Heat shock also activates HSF-1, which induces increases in the expression of chaperone HSPs, such as HSP-70, but the regulation of HSF-1 activation is not entirely understood. HSF-1 activity can be down-regulated by several different means; for example, the association of HSF-1 with HSPs (Shi et al., 1998; Zou et al., 1998) and disruption of HSF-1 homotrimerization (Zuo et al., 1995) both down-regulate HSF-1 activity, demonstrating that HSF-1 is amenable to regulation at different stages during the activation process. In the present study, attenuation of heat shock-induced HSF-1 activity by inhibition of PI-3K and by overexpression of GSK-3β demonstrates two additional modes by which heat shock-induced HSF-1 activity can be regulated. The inhibitory influence of GSK-3β on HSF-1 activity has been demonstrated previously (He et al., 1998), as overexpression of GSK-3β in HeLa cells was reported to result in a more rapid deactivation of HSF-1 during recovery from heat shock compared with cells not overexpressing GSK-3β. However, in HeLa cells, heat shock-induced activation of HSF-1 was independent of PI-3K, as it was unaffected by treatment with wortmannin (He et al., 1998), indicating that there are cell-specific signaling mechanisms that control HSF-1 activity. In contrast to the findings in HeLa cells, the results in the present study demonstrate for the first time that in a neuronal model system perturbations in the PI-3K/Akt signaling pathway can severely impede the robust activation of HSF-1 that occurs in cells subjected to heat shock. However, as the heat shock-induced HSF-1 activity could only be diminished, but not abolished, by inhibitors of PI-3K, it is evident that HSF-1 activation is also partially mediated by PI-3K-independent mechanisms.

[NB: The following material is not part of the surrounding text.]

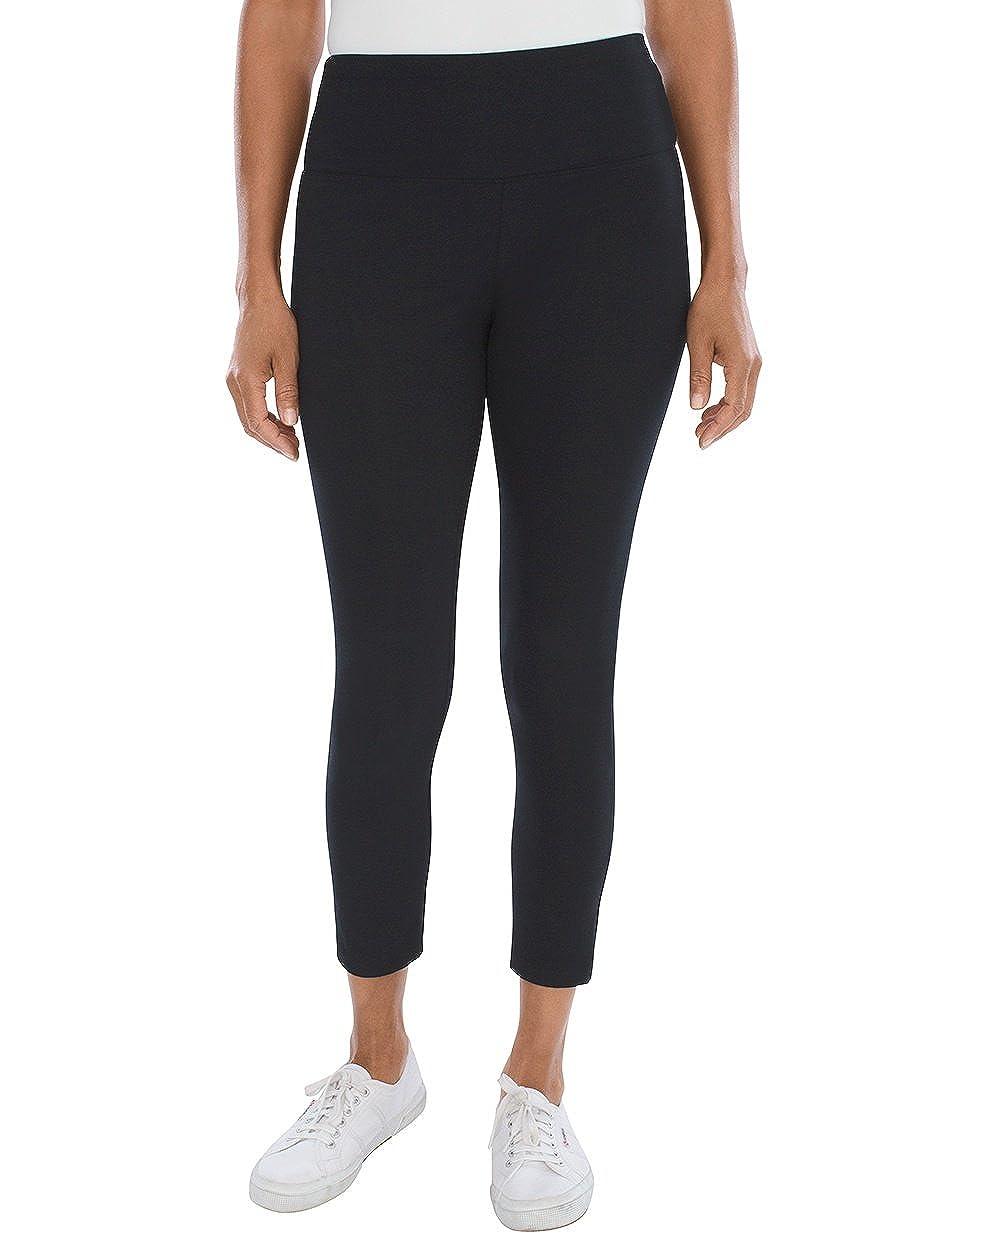 52fdad8056946 Chico's Women's Zenergy So Slimming Crop Leggings Black at Amazon Women's  Clothing store:

In summary, PI-3K was found to be necessary for full heat shock-induced activation of the survival-promoting molecules Akt and HSF-1. Furthermore, GSK-3β was shown to be an inhibitory modulator of the activation of HSF-1 and the associated production of HSP-70, whereas lithium treatment facilitated HSP-70 production. The inhibitory effect of GSK-3β on HSF-1 activation and HSP-70 expression implies that Akt-induced inhibition of GSK-3β is a contributory factor in the heat shock-induced activation of HSF-1. Thus, stimulation of PI-3K and adequate inhibition of GSK-3β are necessary for cells to fully activate the survival-promoting activation of HSF-1 and the increased expression of HSPs. In some conditions, lithium may provide neuroprotection in part by facilitating these cell survival-promoting responses to stress.